Your objective: The listing below is to be written out word for word, minus its images.

[Information shown Boundary: Start]

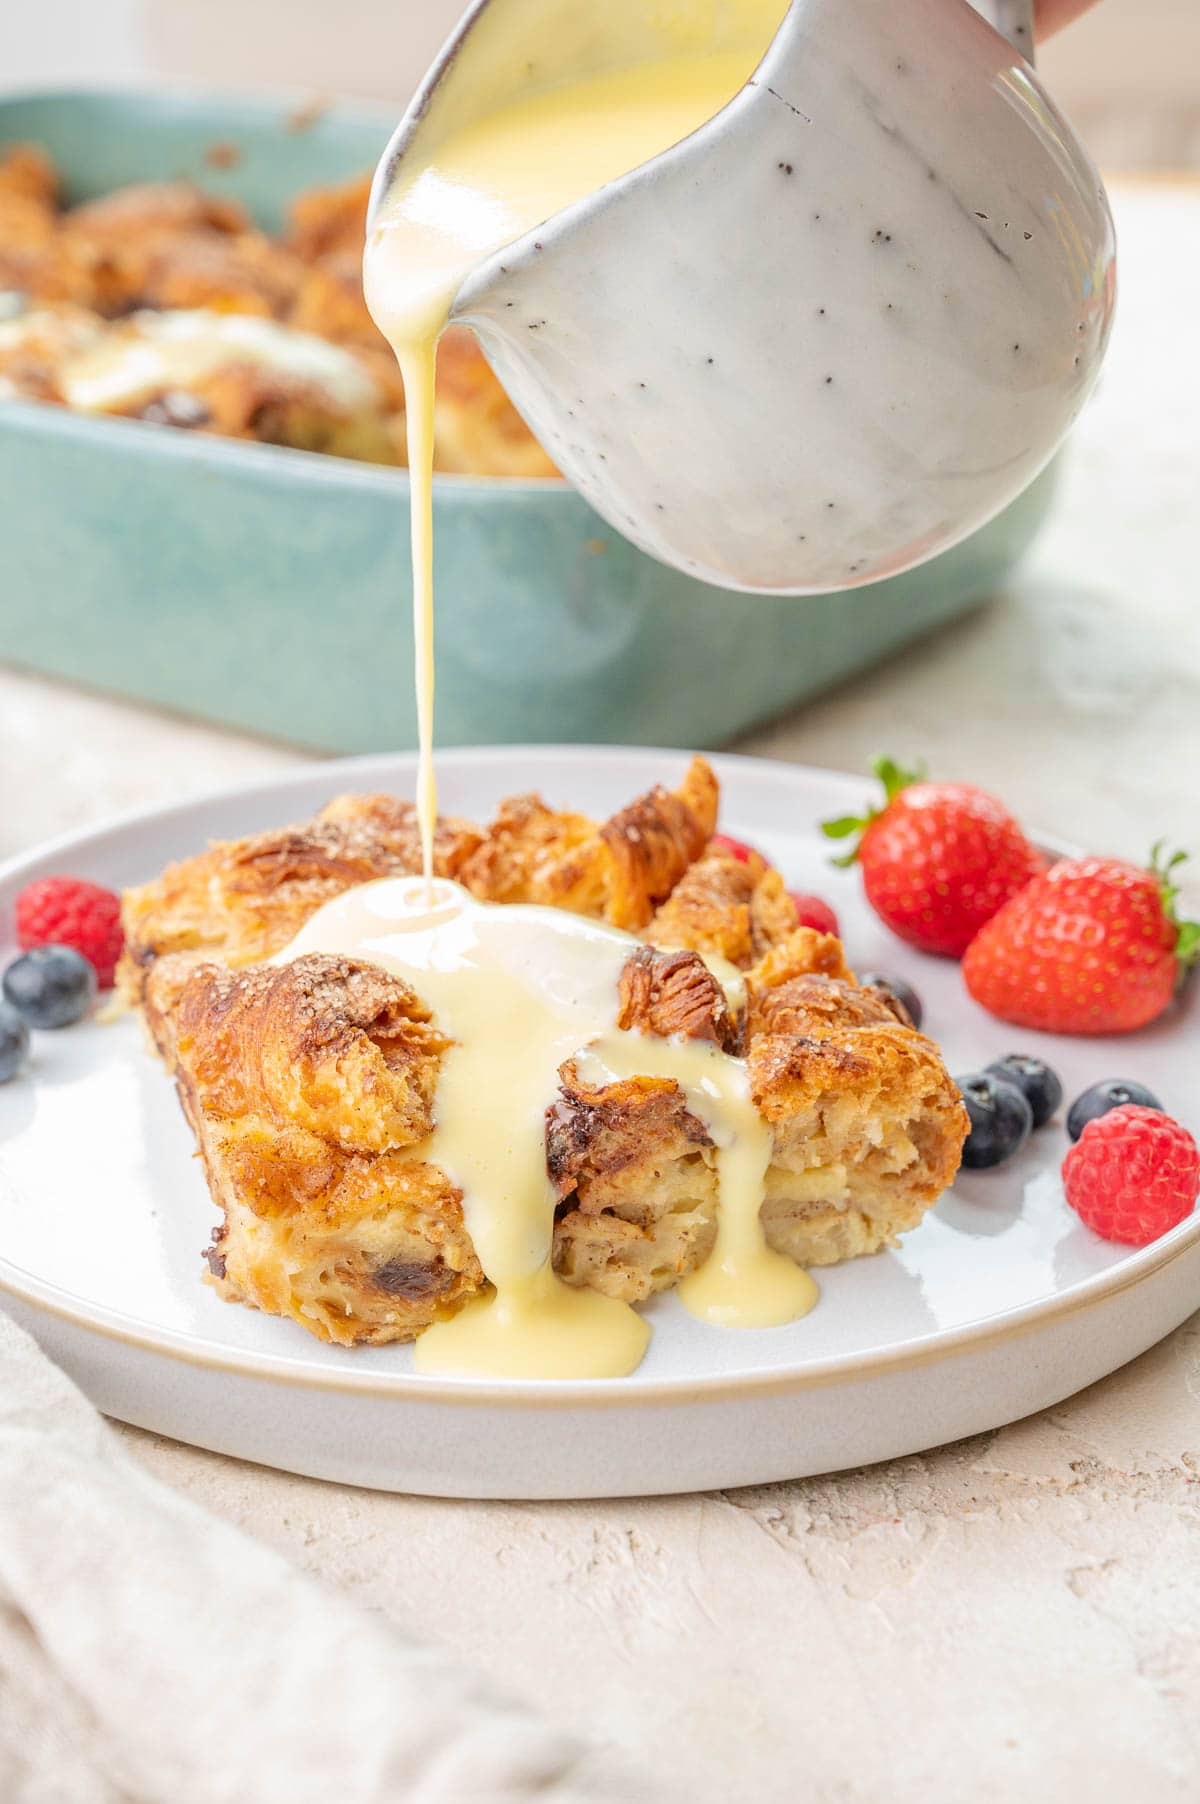 Vanilla sauce is being poured over croissant bread pudding on a white plate with berries.
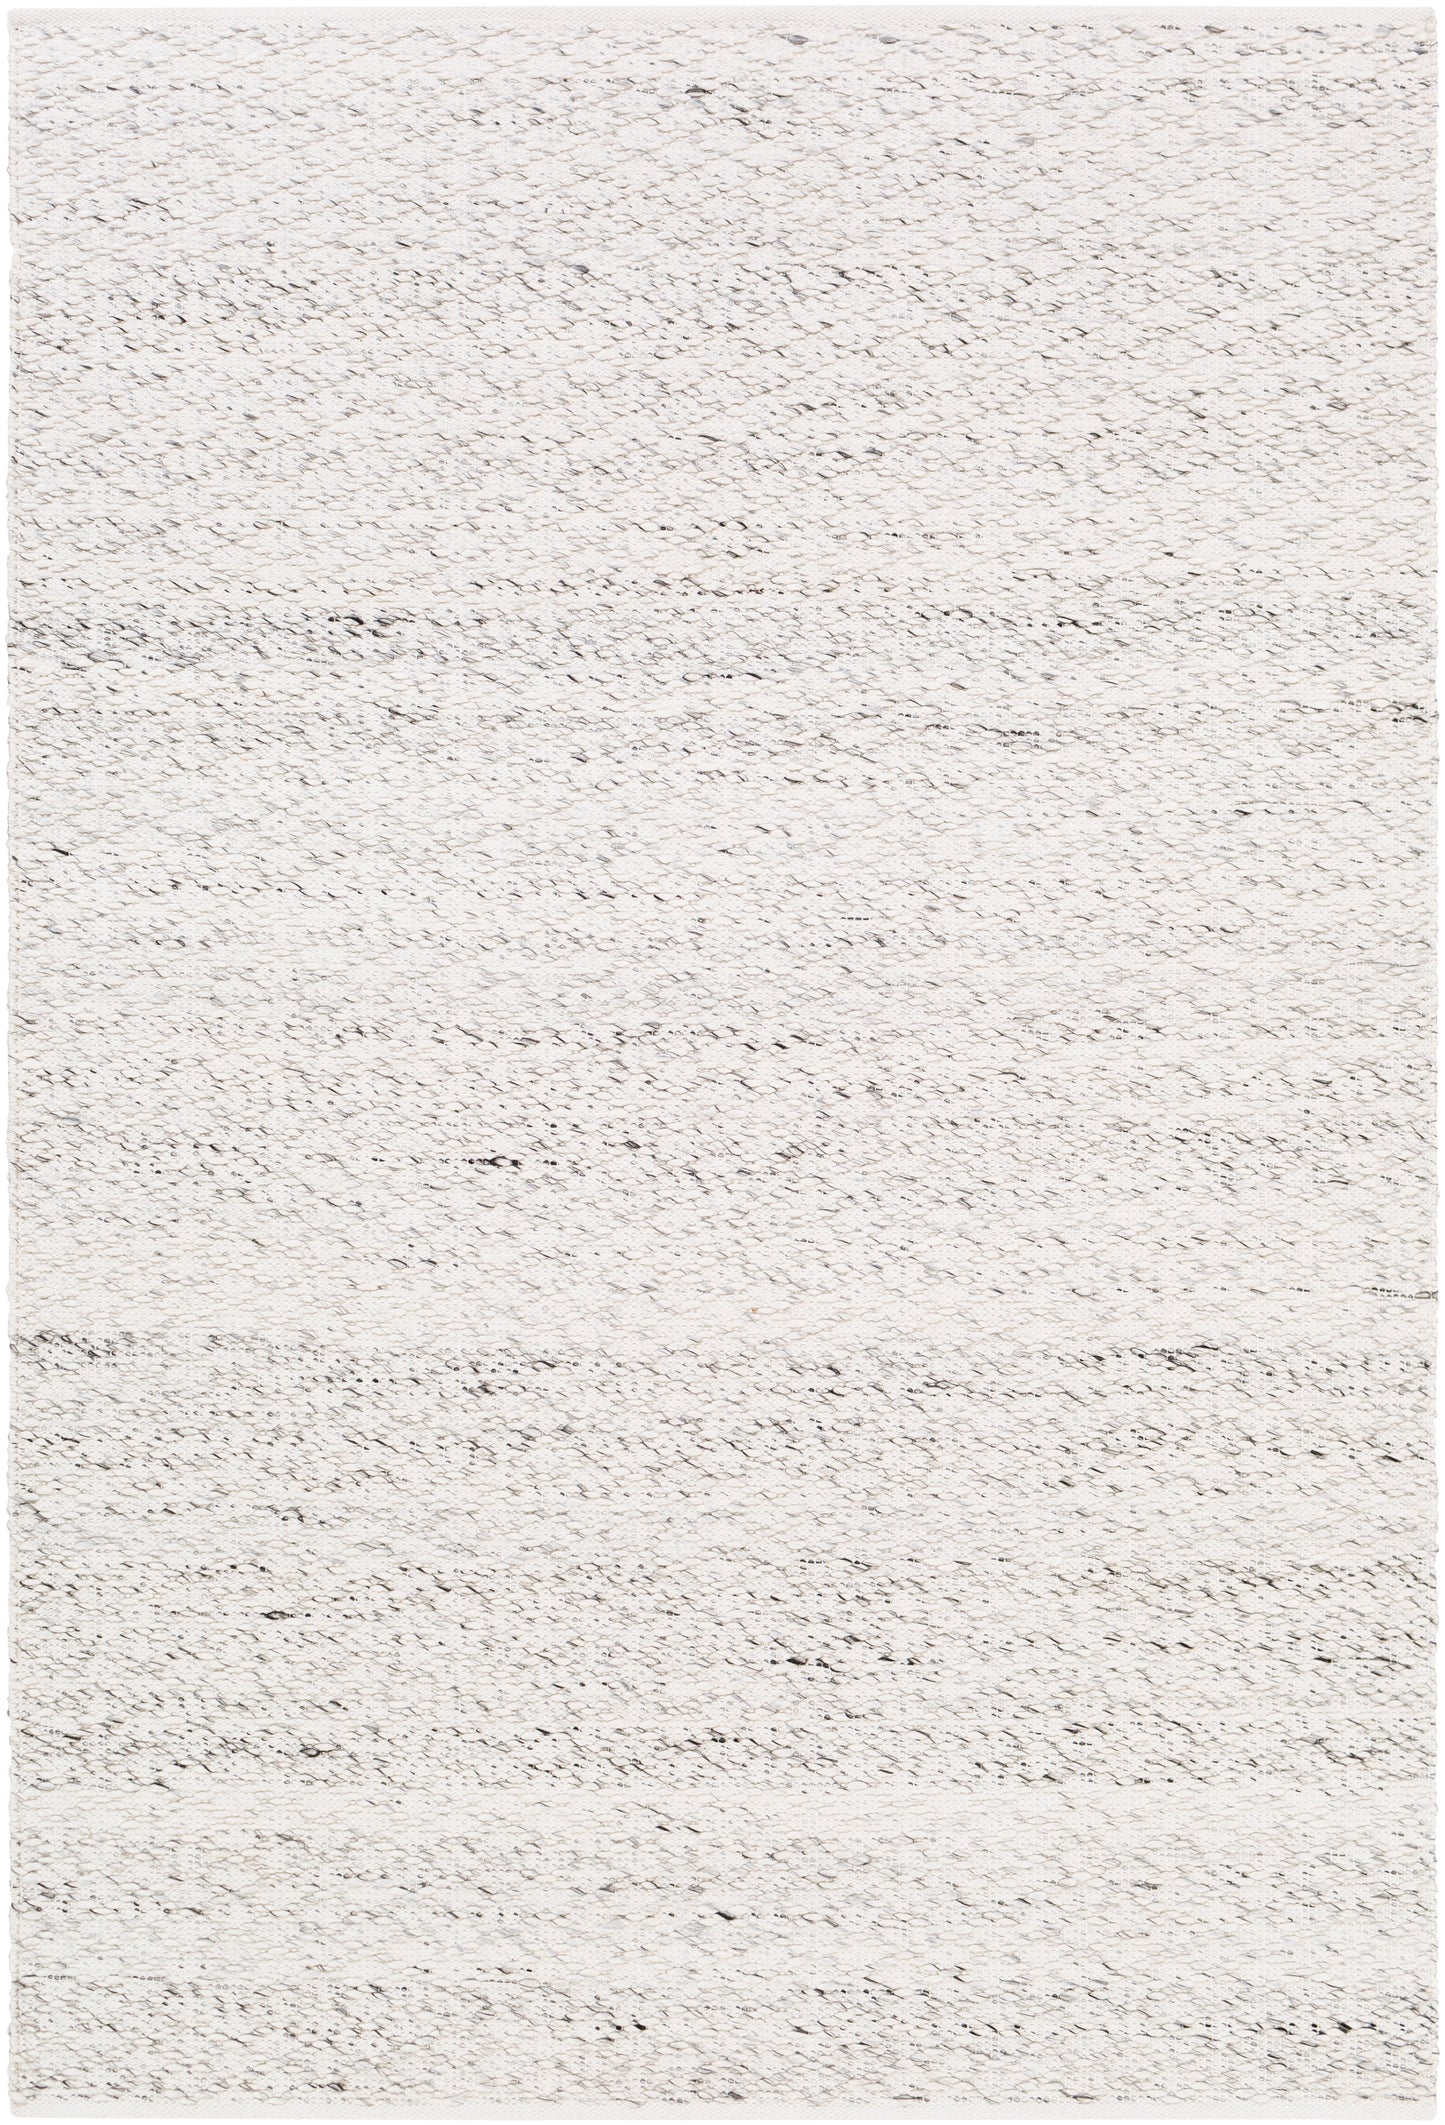 Modena 23132 Hand Woven Synthetic Blend Indoor Area Rug by Surya Rugs
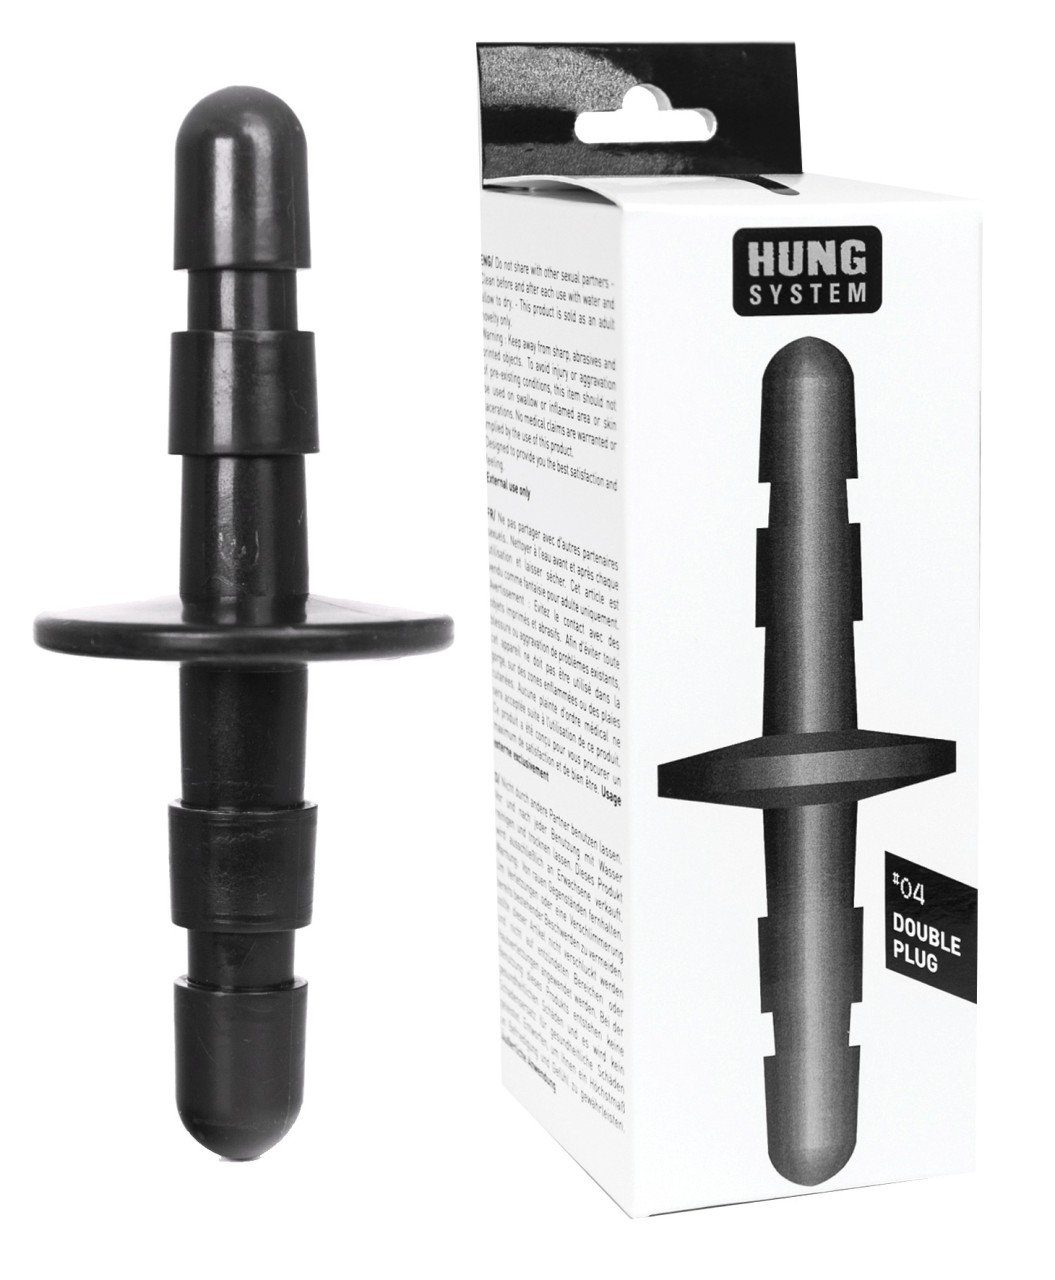 Rocks-Off HUNG SYSTEM Dildo HUNG SYSTEM Double Insert/Double Plug black, Toys für Alle,Hung System,HUNG SYSTEM,Import-ST Rubber,women,men,HU
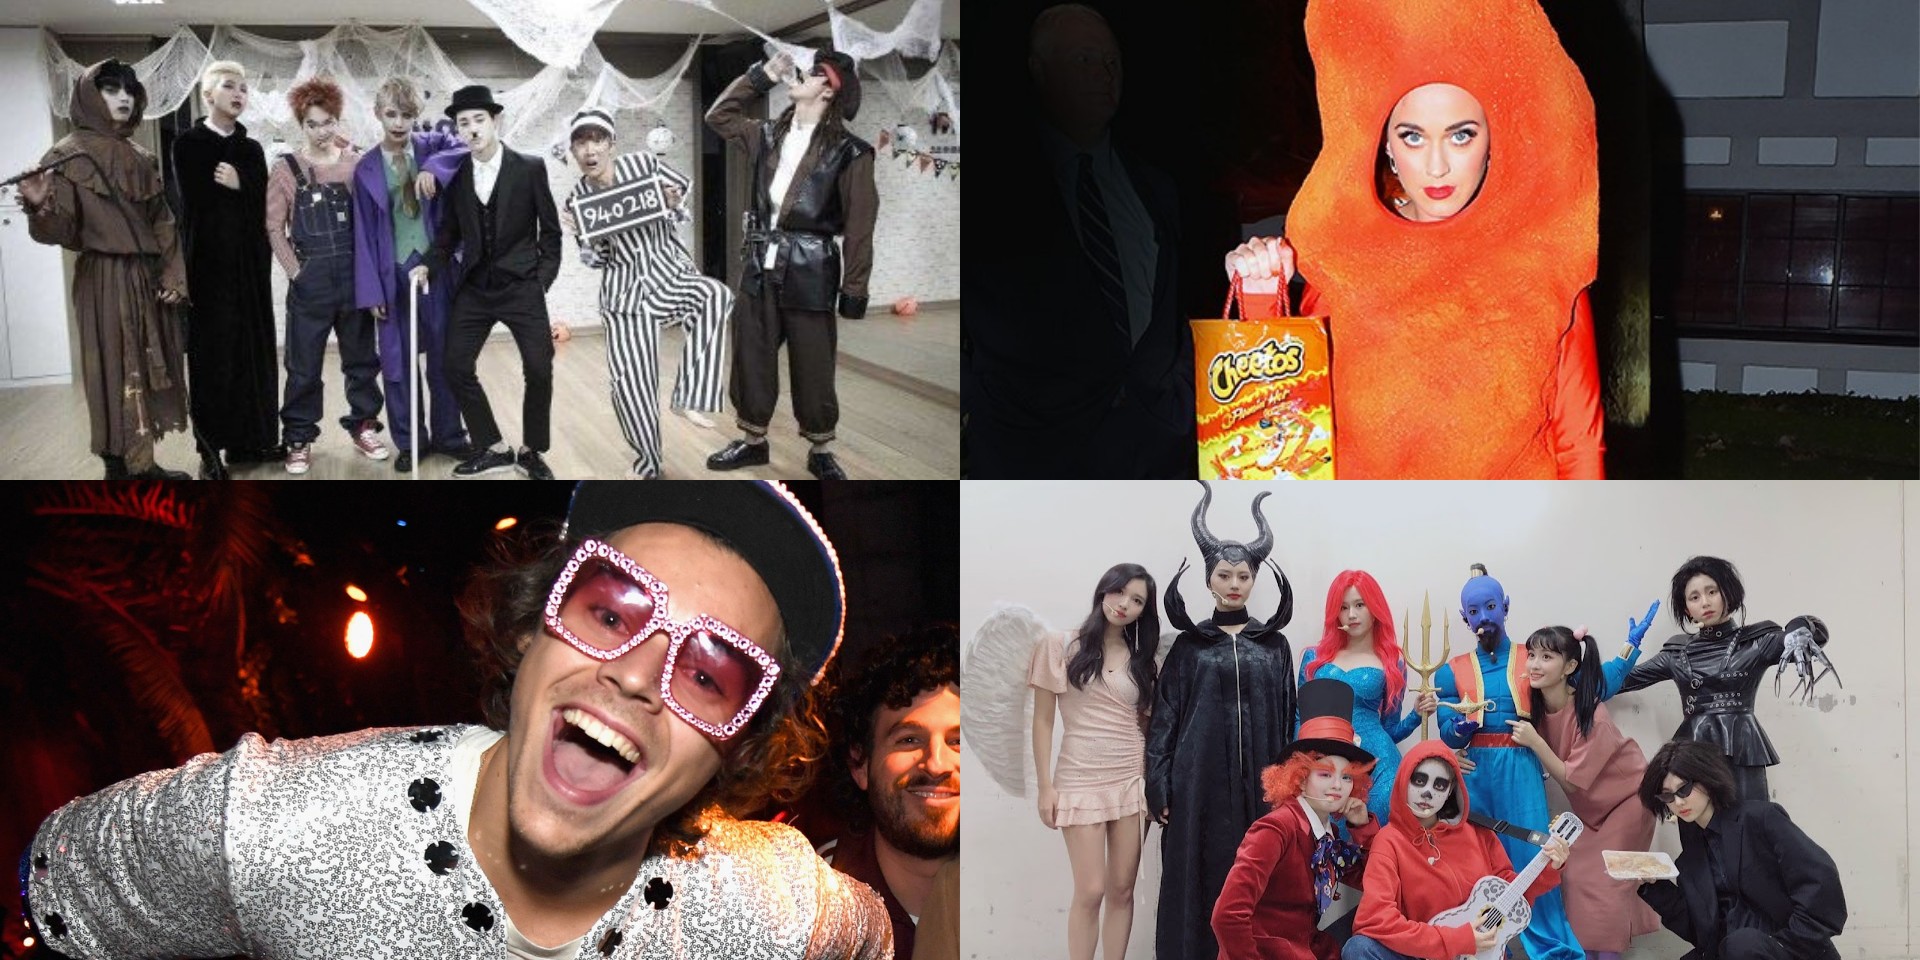 10 Halloween costume ideas featuring BTS, Harry Styles, TWICE, Katy Perry, and more

[Information shown Boundary: End]

Result for this exercise:
 Vanilla sauce is being poured over croissant bread pudding on a white plate with berries.
 Modena 23132 Hand Woven Synthetic Blend Indoor Area Rug by Surya Rugs
 Rocks-Off HUNG SYSTEM Dildo HUNG SYSTEM Double Insert/Double Plug black, Toys für Alle,Hung System,HUNG SYSTEM,Import-ST Rubber,women,men,HU
 10 Halloween costume ideas featuring BTS, Harry Styles, TWICE, Katy Perry, and more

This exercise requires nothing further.